Community decline: Your model’s repo goes stale, downloads drop, maintainer stops responding.
The Switching Cost
Switching models isn’t free. You need to re-test, update prompts, potentially change infrastructure. The checklist helps minimize unnecessary switching by making your selection criteria explicit. If your current model still passes all 7 questions, don’t switch just because something new came out. Switch when a new model is meaningfully better on the dimensions that matter to your use case.
Key insight: The model landscape changes every 3–6 months. Build your selection workflow as a repeatable process, not a one-time decision. The 7-question checklist is a tool you’ll use again and again.
verified
The Decision Framework
A model card is an engineering specification — read it like one
The Complete Workflow
Phase 1: Filter (2 min)
License → Hardware fit → Context length → Task type

Phase 2: Compare (10 min)
Benchmarks → Training data → Architecture → Side-by-side table

Phase 3: Validate (5 min)
Community signals → Discussions → Linked Spaces → Recency

Phase 4: Test (1–2 hours)
Quick test (widget) → Local test (your prompts) → Integration test (your pipeline)
The Mindset
A model card is not a sales brochure.

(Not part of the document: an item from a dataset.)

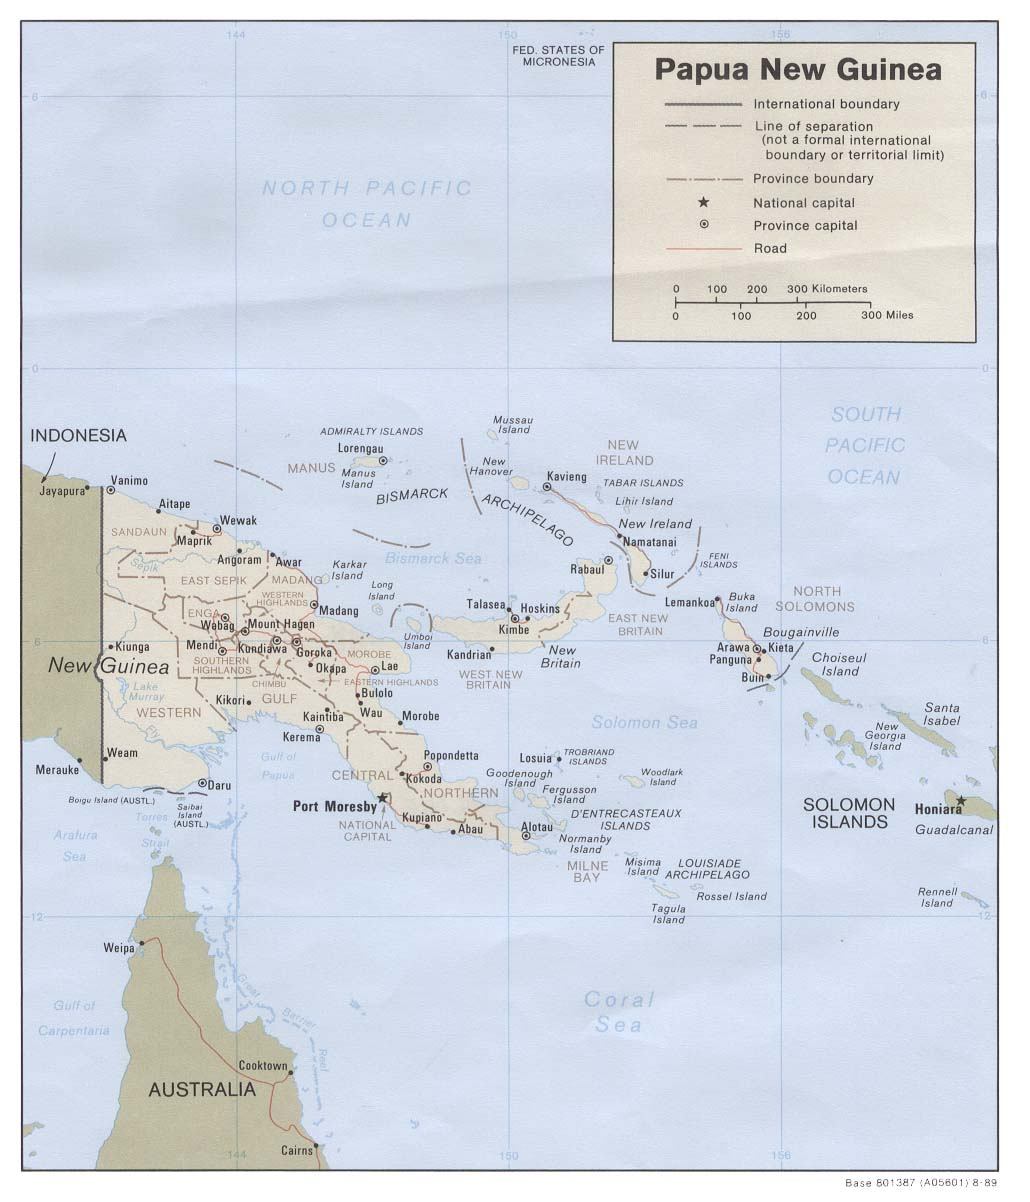 Papua New Guinea Maps PerryCastañeda Map Collection UT - Papua new guinea map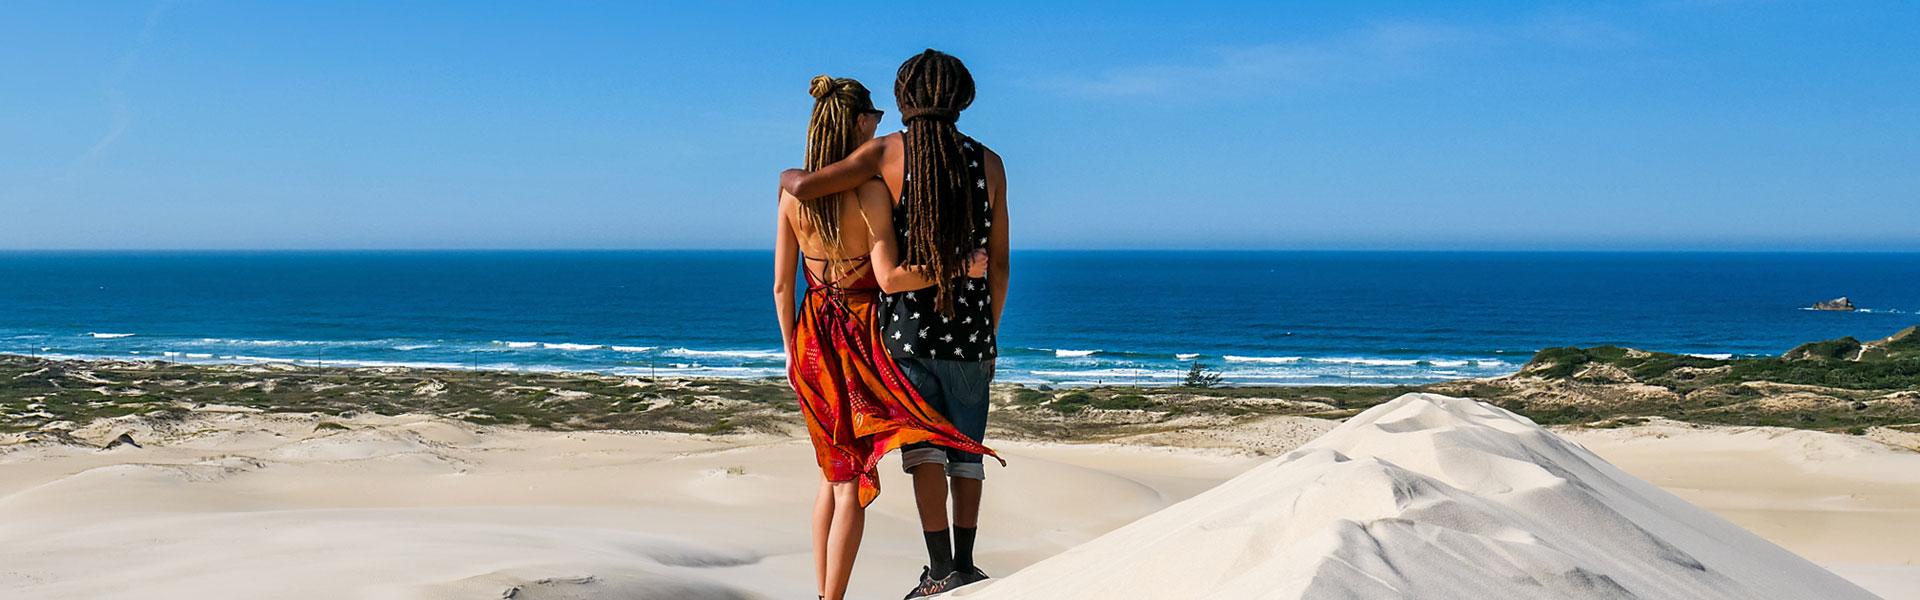 Rasta couple in Dunas da Ribanceira with ocean view in Imbituba, Brazil

It is an engineering specification. Read it like you would read a spec sheet for a hardware component: check compatibility first, compare performance second, verify with testing third. The practitioners who evaluate models most effectively are the ones who have a systematic process — not the ones who grab whatever is trending.
Key insight: A model card is not a sales brochure — it is an engineering specification. Read it like a spec sheet, not a blog post. The 7-question checklist turns model selection from an overwhelming choice into a manageable workflow.